Umeå Today obtained a new, second video today of the Holmsund car fires early yesterday morning, which police suspect was arson, and which has shaken up local residents already upset by the coronavirus crisis. In the video, which has a bird’s eye view, a loud pop like gunfire can be heard, as a part of a car presumably bursts. No other view of the fire from above has been published.
The source of the video wrote, “I’m a bit annoyed about this situation.”
“Those idiots!” the source continued. “Ugh!! I hope they get caught as soon as possible, I don’t want any more horrible things to happen during the pandemic… it’s bad enough already!”
Umeå Student Union President Hanna Lundin Jernberg last night argued that Umeå University has been “extremely restrictive” in its coronavirus response, in an editorial in Västerbottens-Kuriren. She called Vice Chancellor Hans Adolfsson’s decision to shut down study seating and reduce hours at the various university libraries “unequal” and “not good for the students”. She furthermore criticized the university for forbidding students access to most campus buildings so quickly that they “could hardly retrieve materials from their lockers, the fine arts campus, or meeting rooms.” She compared Umeå to other Swedish universities like Linköping and the Karolinska Institute, which still allow students to swipe into buildings with their ID cards.
Umeå University management told Umeå Today that it has “no comment” on Jernberg’s article.
City opera house Norrlandsoperan, starting today, is offering several events bringing music and dance in pandemic-safe ways to Umeå residents. The opera’s Ballet Academy, this evening and tomorrow, is performing outdoors at various locations around the city. Afrobeat dancers Big Sisters Unity are among the artists.

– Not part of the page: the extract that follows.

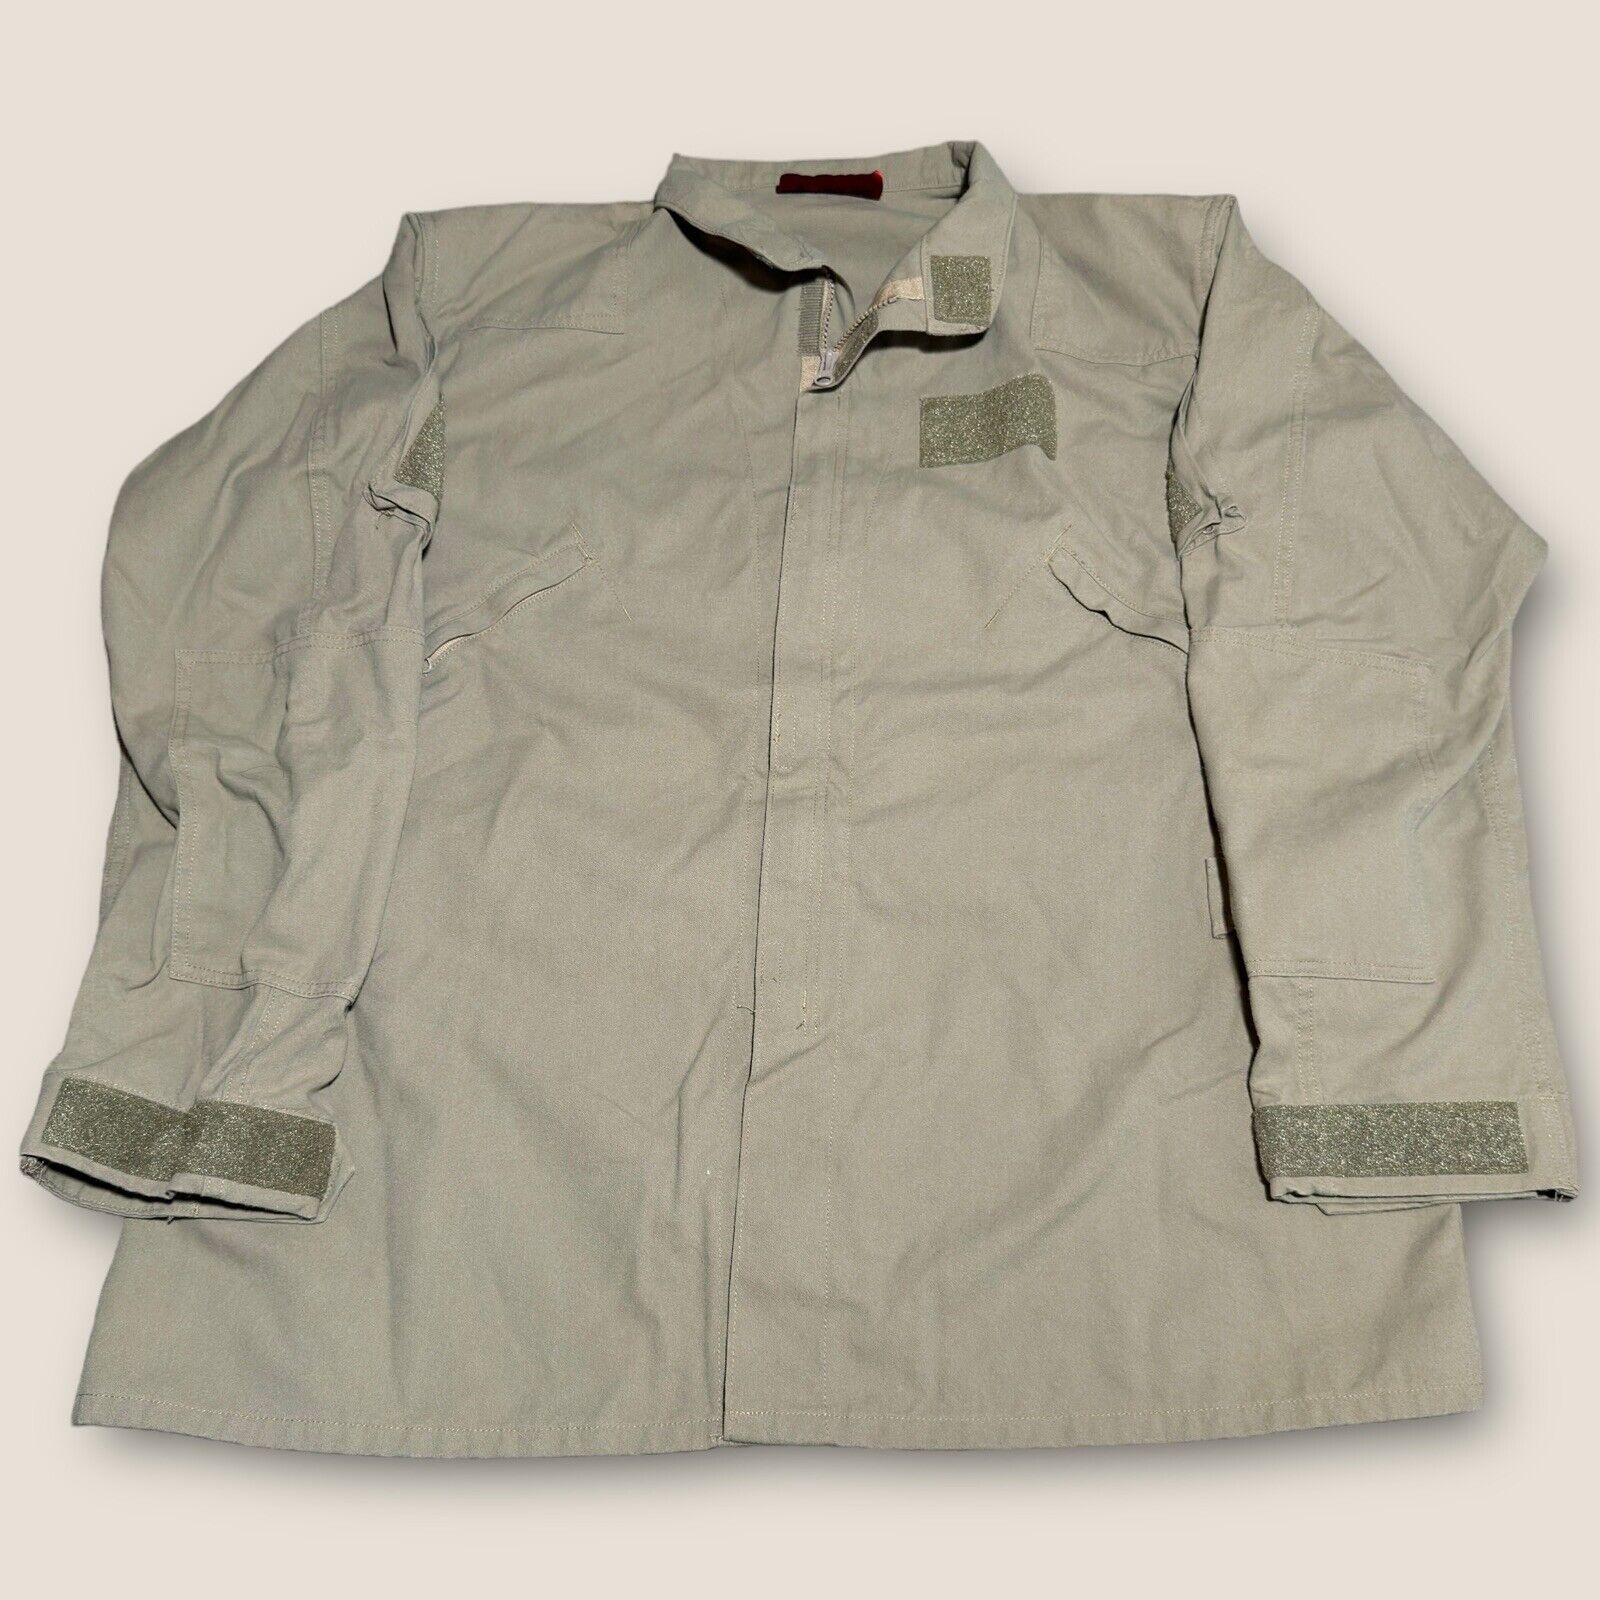 DRIFIRE FR Flight Suit Shirt Top Sz XXL - R Tan Tactical Pockets Made In USA

Norrlandsoperan is also now offering an online platform called NO Play, with videos of live performances of various art forms, including one of the locally legendary coronavirus balcony performances in March by baritone Joa Helgesson. A brass sextet from the symphony orchestra is also planning a “digital tour of Västerbotten”, with children’s music streamed to classrooms across the county. The first concert is planned for Umeå Montessori School this week.
Finally, the city of Umeå starts its spring street sweeping this week, which, it says, will prove to be a more daunting operation than usual. “We have about 40 percent more gravel compared to a normal winter,” Umeå street operations manager Per Hilmersson told Västerbottens-Kuriren. The city listed which neighborhoods will be swept at which time:
April 20 to May 15: Center.
April 20 to May 22: Western and eastern sides of the center.
April 20 to 30: Västerslätt.
April 27 to May 22: Mariehem, Ersboda, Ålidhem, Tomtebo and Gimonäs.
May 3 to 22: Haga.
May 18 to 29: Ersmark and Berghem.
April 20 to 28: Teg, Böleäng and Röbäck.
April 27 to May 22: Grubbe, Backen, and Umedalen.
April 20 to May 29: Sävar.
April 20 to May 29: Hörnefors, Sörmjöle, Täfteå, Holmsund and Obbola.